Republican lawmakers worried they would have to spend much of the 2022 campaign season responding to its revelations about Trump’s behavior while trying to avoid his wrath, when their hope was to make the year about Biden and the Democrats. And there was real concern that the Democrats would wield the commission’s subpoena power to embarrass Trump and key Republicans. The fifty-four-to-thirty-five final tally in the Senate was six votes shy of the sixty needed to avoid a procedural filibuster. The GOP opposition to the measure was not moved by emotional appeals from Republican senator Susan Collins of Maine or from the family of Brian Sicknick, the Capitol police officer who had suffered two strokes and died a day after he confronted rioters at the insurrection.
“Why would they not want to get to the bottom of such horrific violence?” said Sandra Garza, the late officer’s partner. “It just boggles my mind.”
The defeat of the commission underscored just how much had changed since the early morning hours of January 7, when even some of Trump’s closest allies had stood in the Capitol and repudiated him for causing the violence that had touched them all. Slowly but steadily in the weeks after the insurrection, it was proven that Trump retained his power over the GOP and still planned to wield it over his party to protect his own interests.

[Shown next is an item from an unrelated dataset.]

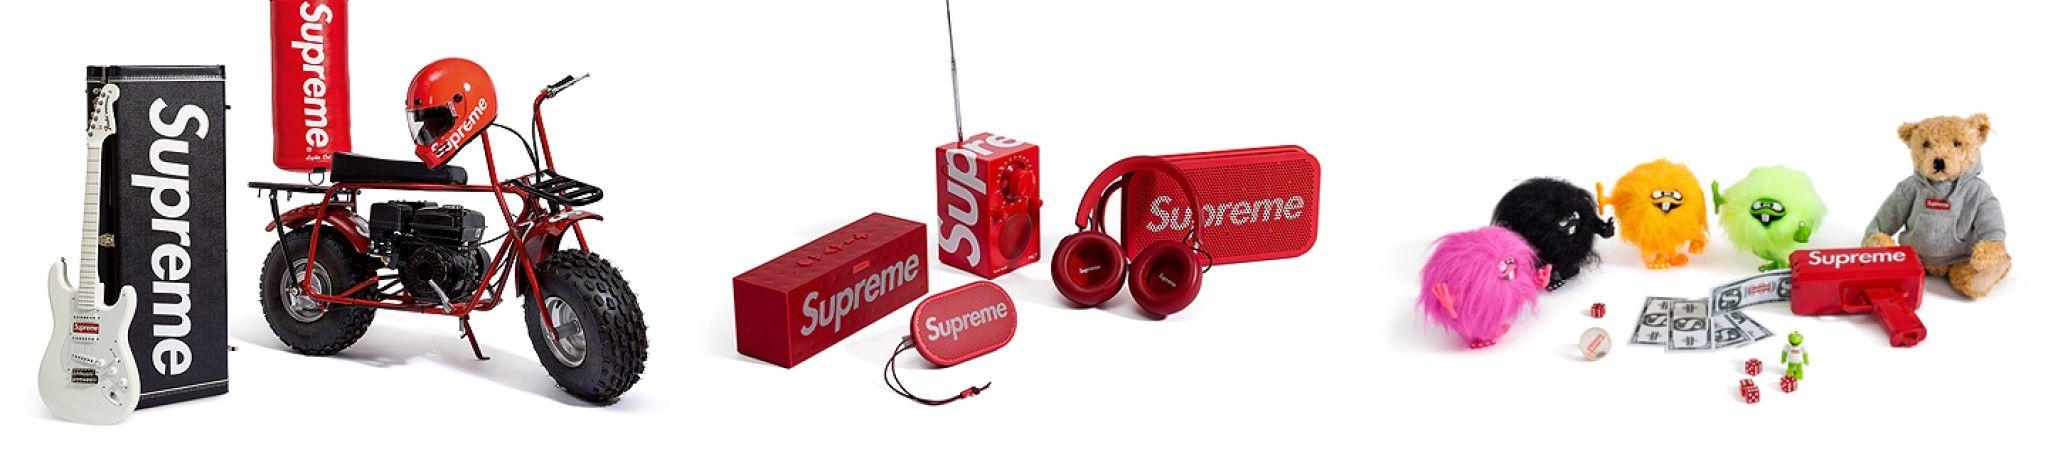 The Supreme Vault 1998 2018 Sotheby S Auction Preview Live Luxe Edit Com Sothebys Auction Supreme Sticker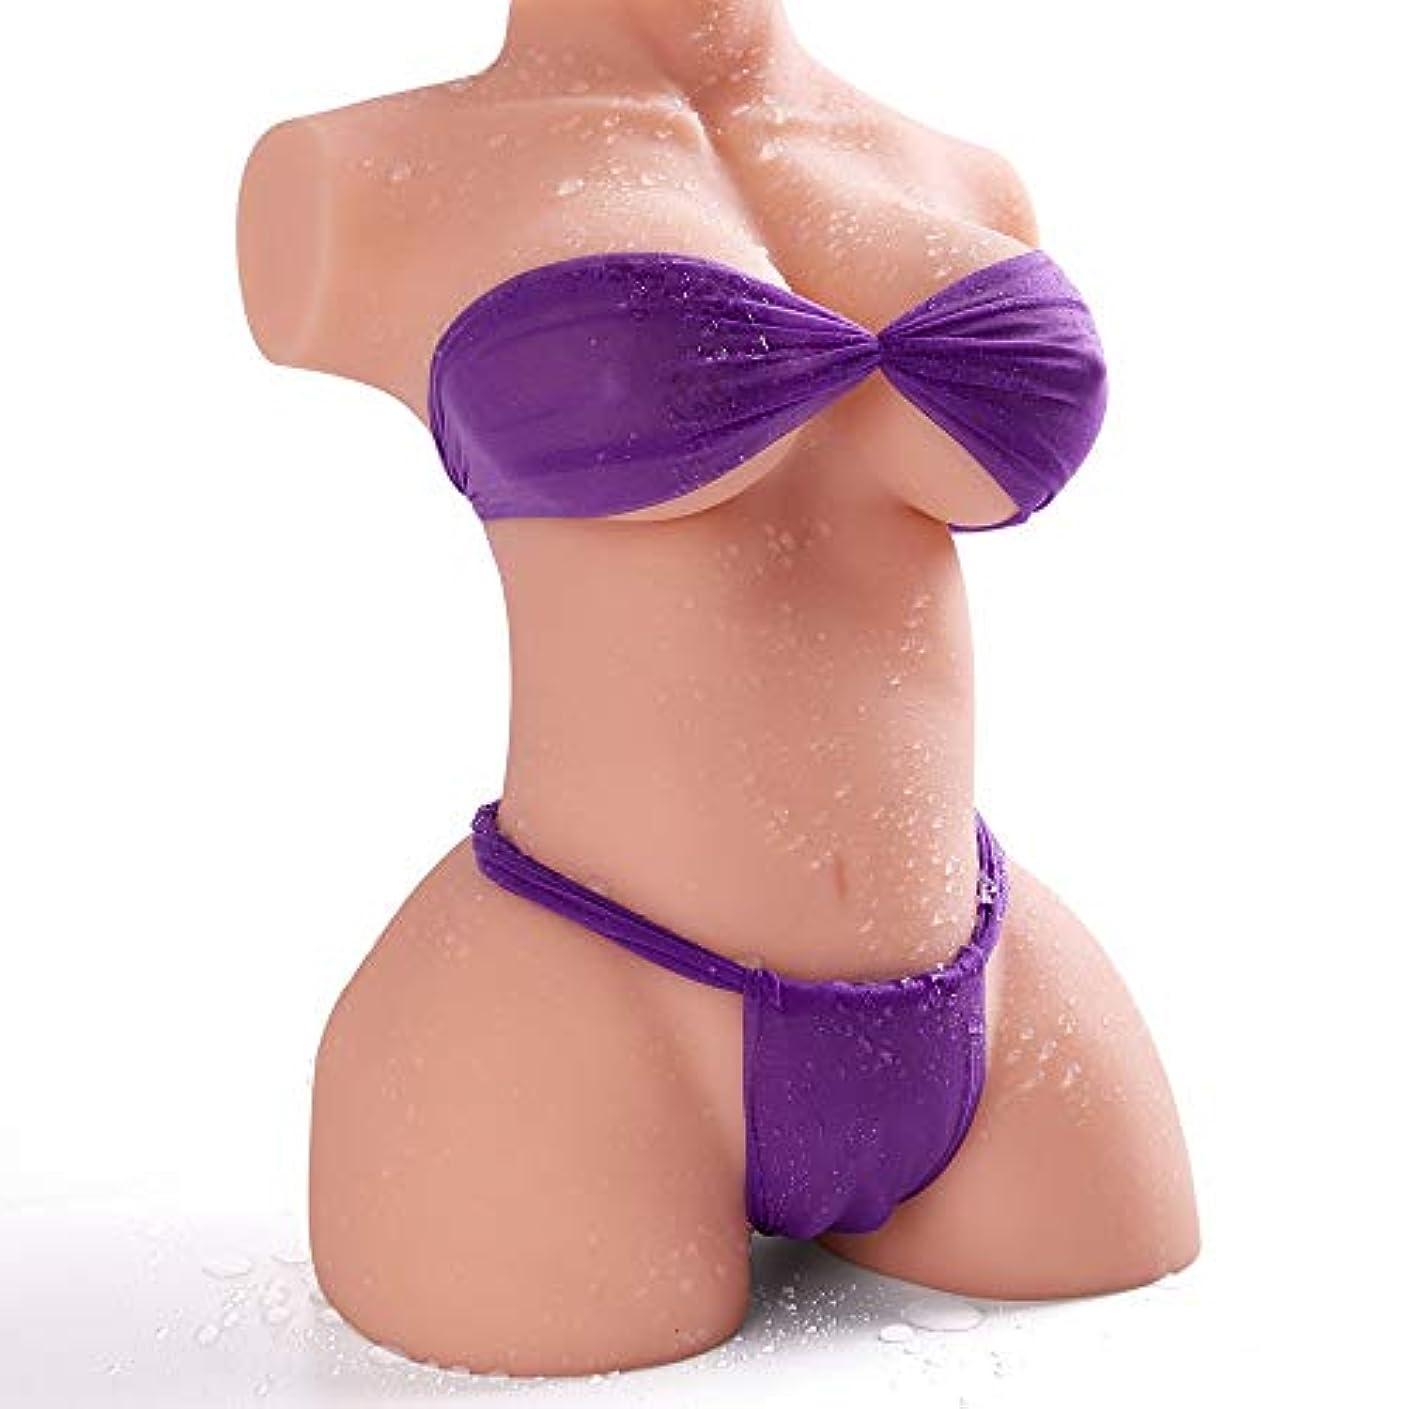 読み書きのできないコインランドリー枯渇男性のフルサイズの大人のおもちゃポケットPûssey-PUSSY現実的な皮膚感&男性のための快適な2つのホール設計のためのリアルなラブDoles,彼への最高の贈り物

In the end, a few Republican senators did vote for the commission: Bill Cassidy (Louisiana), Lisa Murkowski (Alaska), Rob Portman (Ohio), Mitt Romney (Utah), Ben Sasse (Nebraska), and Susan Collins. They were the usual small group of GOP senators who were willing to defy the ex-president, and they were all used to being on the receiving end of Trump’s ire. McConnell was willing to let the vote go, and he told aides he didn’t see any advantage in punishing the apostates.
The same did not hold true in the House.
Nancy Pelosi wasn’t going to wait any longer.
For months, she had signaled that her preference was a bipartisan, bicameral investigation into the Capitol riots, with Democrats and Republicans from both chambers of Congress working together as they did after the September 11 terror attacks. But after that commission died in the Senate, she vowed to move forward alone.
“January 6 was a day of darkness for our country,” Pelosi said in late June. “Our temple of democracy was attacked by insurrectionists.”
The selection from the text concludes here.